Interaction between parenting stress and p-factor (general psychopathology factor) on child externalizing problems. Note: Children with high genetic risk were not susceptible to parenting stress, while children with low risk were susceptible to parenting stress, both positively and negatively.

Figure 3.

Interaction between parenting stress and p-factor (general psychopathology factor) on child social competence. Note: Children with high genetic risk were not susceptible to parenting stress, while children with low risk were susceptible to parenting stress, both positively and negatively.

Figure 4.

Interaction between parental internalizing symptoms and p-factor (general psychopathology factor) on child social competence. Note: Children with high genetic risk exposed to greater parent internalizing problems had lower levels of social competence, while children with low genetic risk had slightly higher levels of social competence.

Parameter estimates between our full-case and combined imputation datasets were consistent, although the interaction terms were only nonsignificant trends (p = .06–.07; see Supplementary Tables 3 and 4). Despite nonsignificant interactions with the imputed models, we chose to explore the nature of the interactions considering (a) the uncertainty of imputation and the facts that (b) the interactions were still below a significance level of p < .10, (c) our primary hypothesis involved product terms, and (d) parameter estimates were consistent between datasets.

Confirmatory statistical test of DST

We examined the nature of interaction of the p-factor and adoptive mother internalizing problems on child social competence, comparing results across four models: strong and weak forms of DST, and strong and weak forms of diathesis–stress (Table 6), following Widaman et al. (2012) and Belsky et al. (2013).

Table 6.

Re-parameterized regression model: p-factor moderation of parental internalizing problems on child social competence

Parameter	Differential susceptibility theory (DST)				Diathesis–stress (DS)
	Strong DSTa		Weak DSTb		Strong DSc		Weak DSd
	β (SE)	95% CI	β (SE)	95% CI	β (SE)	95% CI	β (SE)	95% CI
Intercept	102.40 (1.34)	99.80, 105.10	102.70 (.85)	101.10, 104.40	104.00 (.96)	102.10, 105.90	104.10 (1.16)	101.80, 106.40
Cross-over point	0.03 (0.04)	−0.04, 0.11	0.03 (0.02)	−0.02, 0.07	−0.04 (−)e	–e	−0.04 (−)e	–e
Slope, low p-factor	0.00 (−)e	–e	34.34 (29.46)	−23.61, 92.29	0.00 (−)e	–e	−4.11 (22.30)	−47.97, −59.89
Slope, high p-factor	−42.55 (18.21)	−78.37, −6.72	−42.52 (18.20)	−78.35, −6.74	−26.05 (15.13)	−55.79, 3.70	−27.29 (16.57)	−59.89, 5.32
Model fit
R 2	.06		.06		.05		.05
F	10.21		7.26		17.71		8.85
df	2,327		3,326		1,328		2,327
p	<.001		<.001		<.001		<.001
Model comparisons
F versus strong DSTg	–		1.36		2.61		–f
df	–		1,326		1,327		–f
P	–		.25		.11		–f
Model comparisons
F versus weak DSTh	1.36		–		1.99		3.94
df	1, 326		–		2, 326		1, 326
p	.25		–		.14		.05
AIC	1697.3		1697.93		1697.93		1699.90
BIC	1708.7		1713.13		1705.53		1711.30

Notes:

^aStrong DST: We subtracted the cross-over point Ĉ from the observed value of the environmental variable of interest X. We then further re-parameterized the model by setting the slope of the low p-factor group to 0 and re-ran the regression equation.

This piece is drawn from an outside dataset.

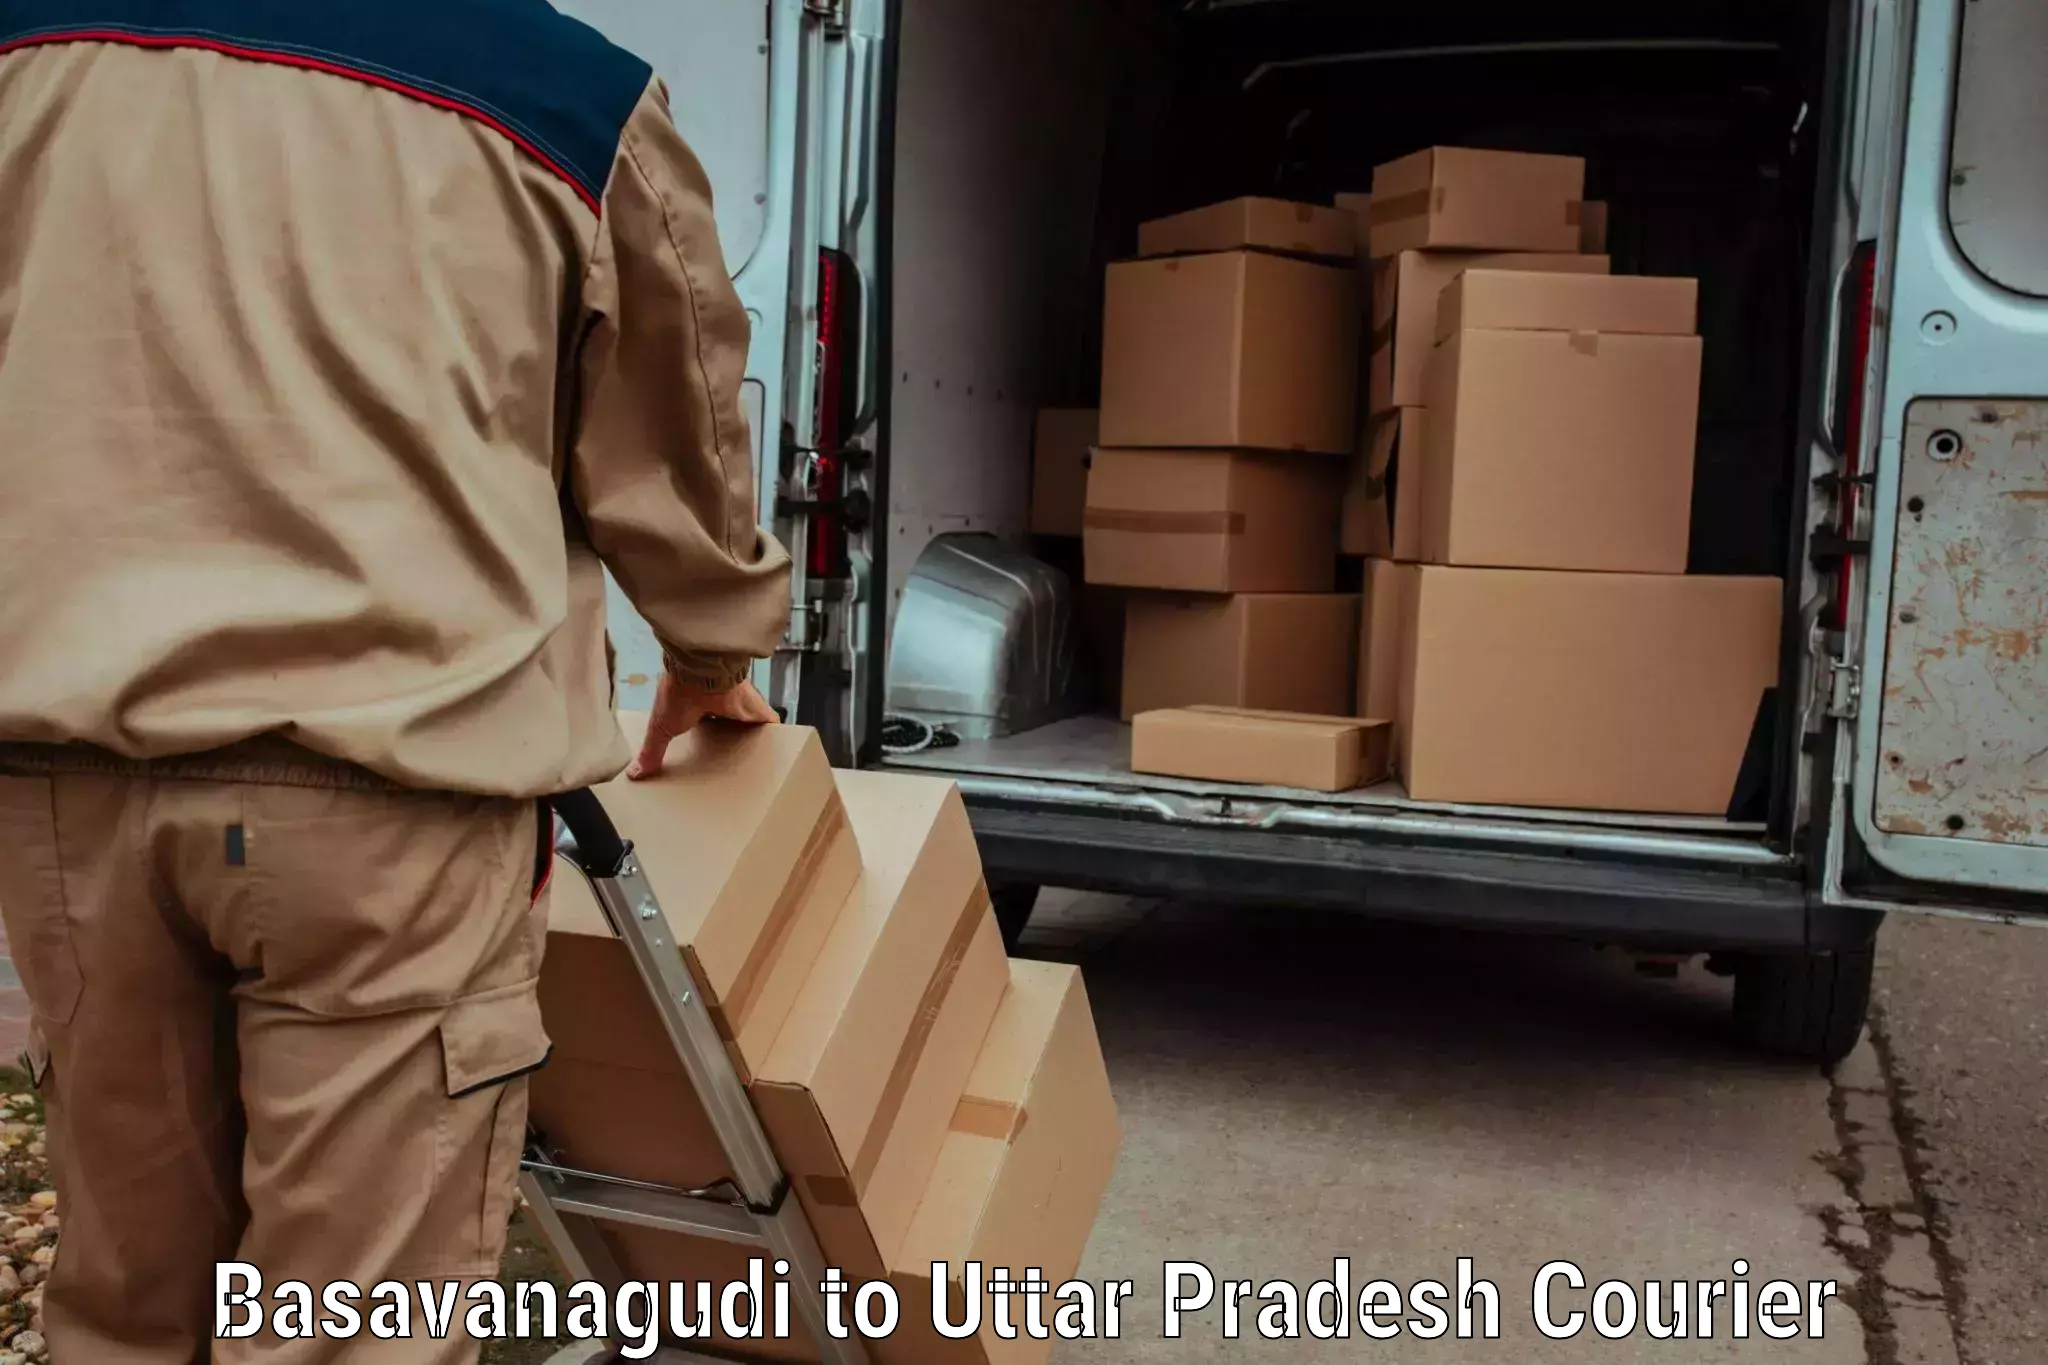 Courier insurance in Basavanagudi to Babrala

This model represents a more extreme form of DST where the low p-factor group is not at all reactive to their home environment.

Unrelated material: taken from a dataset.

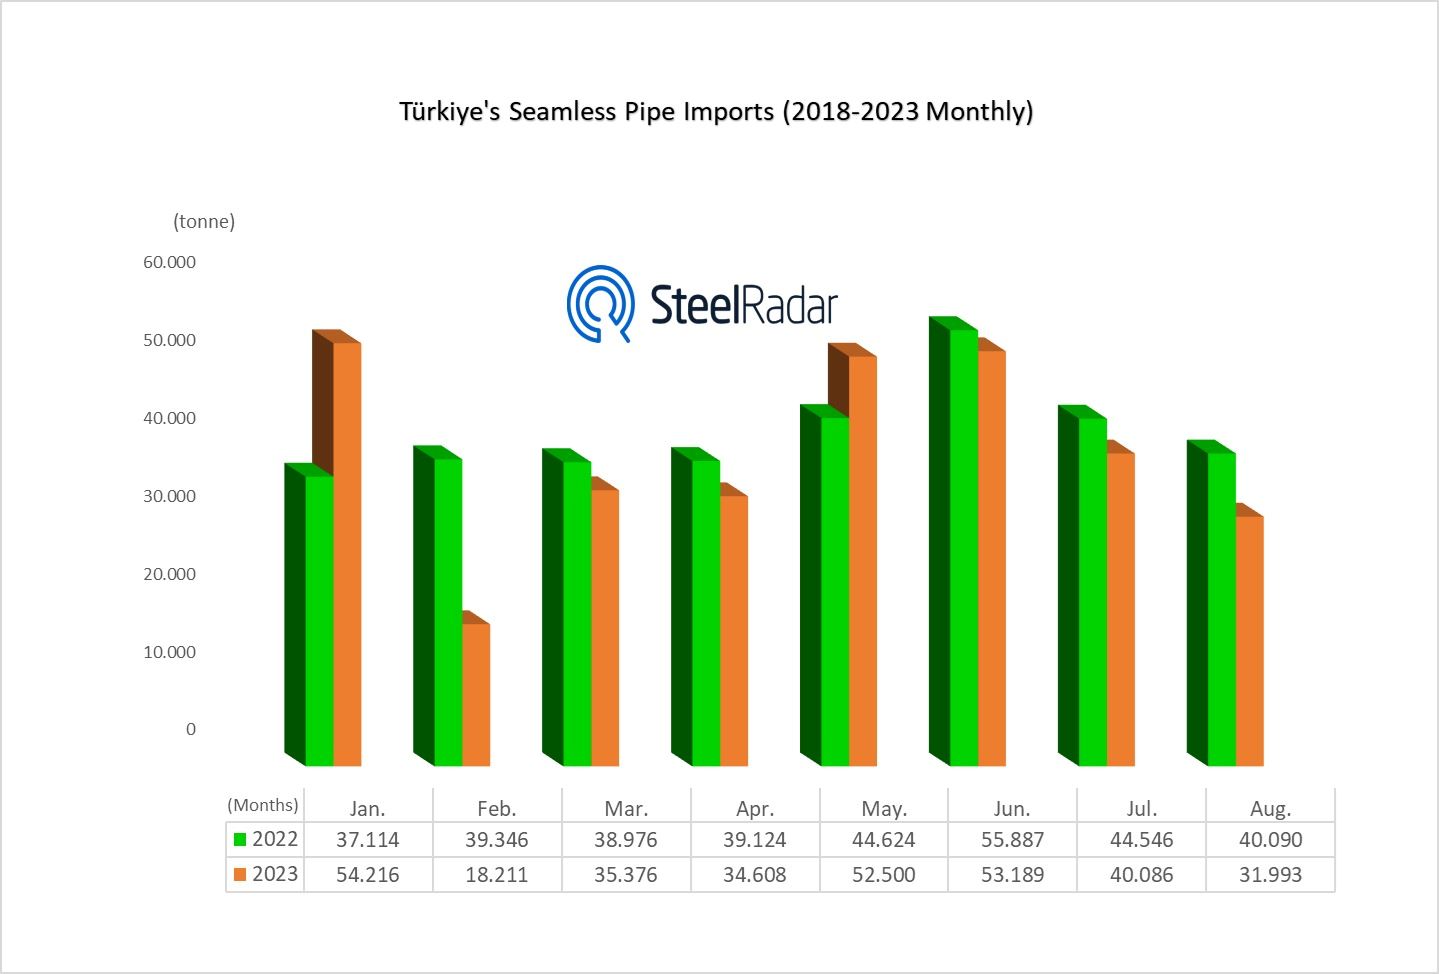 Türkiye's seamless steel pipe imports decreased in August

^bWeak DST: We subtracted the cross-over point Ĉ from the observed value of the environmental variable of interest X and re-ran the regression equation.

^cStrong DS: We subtracted the most positive extreme value of X (or most adaptive environment) from the observed value of the environmental variable of interest. We then further re-parameterized the model by setting the slope of the low p-factor group to 0 and re-ran the regression equation.

^dWeak DS: We subtracted the most positive extreme value of X (or most adaptive environment) from the observed value of the environmental variable of interest and re-ran the regression equation.

^eFixed at reported value, no standard error or CI.

^fThe strong DST and weak DS models were not nested and could not be directly compared to one-another using the F-test, so total R₂ and the AIC and BIC were used to compare models.

^gF versus strong DST is the analysis of variance F-test comparing difference in explained variance for listed model versus strong DST.

^hF versus weak DST is the analysis of variance F-test comparing difference in explained variance for listed model versus weak DST.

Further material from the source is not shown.